Enzymes are extremely complex catalytic structures with immense biological and technological importance. Nevertheless, their widespread environmental implementation faces several challenges, including high production costs, low operational stability, and intricate recovery and reusability. Therefore, the de novo design of minimalistic biomolecular nanomaterials that can efficiently mimic the biocatalytic function (bionanozymes) and overcome the limitations of natural enzymes is a critical goal in biomolecular engineering. Here, we report an exceptionally simple yet highly active and robust single amino acid bionanozyme that can catalyze the rapid oxidation of environmentally toxic phenolic contaminates and serves as an ultrasensitive tool to detect biologically important neurotransmitters similar to the laccase enzyme. While inspired by the laccase catalytic site, the substantially simpler copper-coordinated bionanozyme is ∼5400 times more cost-effective, four orders more efficient, and 36 times more sensitive compared to the natural protein.
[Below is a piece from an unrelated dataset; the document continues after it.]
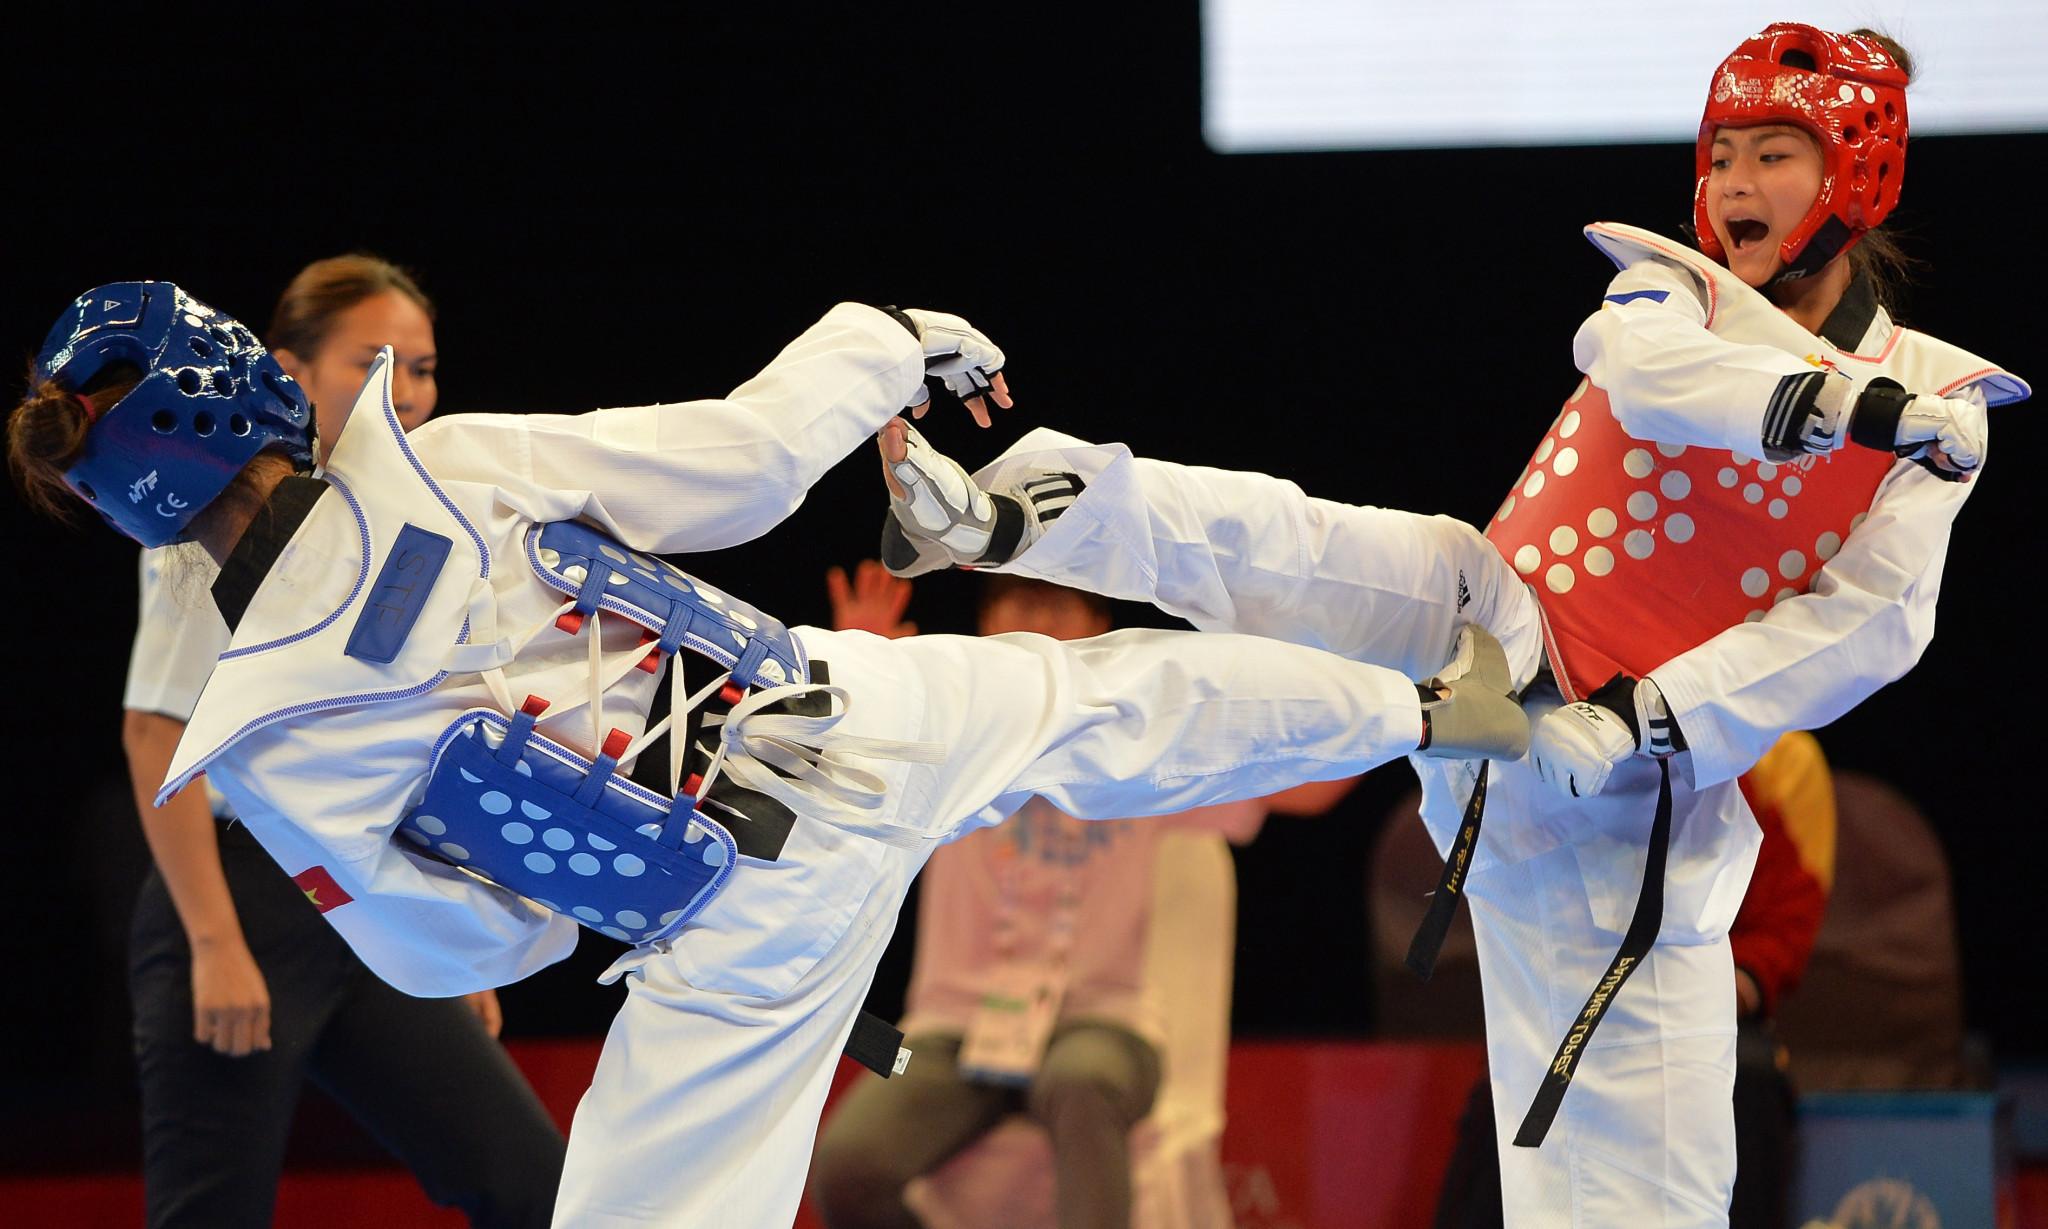 Filipino taekwondo star Lopez part of legacy campaign for children

Furthermore, the designed mimic is stable under extreme conditions (pH, ionic strength, temperature, storage time), markedly reusable for several cycles, and displays broad substrate specificity. These findings hold great promise in developing efficient bionanozymes for analytical chemistry, environmental protection, and biotechnology.

Suggested Citation

  • Pandeeswar Makam & Sharma S. R. K. C. Yamijala & Venkata S. Bhadram & Linda J. W. Shimon & Bryan M. Wong & Ehud Gazit, 2022. "Single amino acid bionanozyme for environmental remediation," Nature Communications, Nature, vol. 13(1), pages 1-11, December.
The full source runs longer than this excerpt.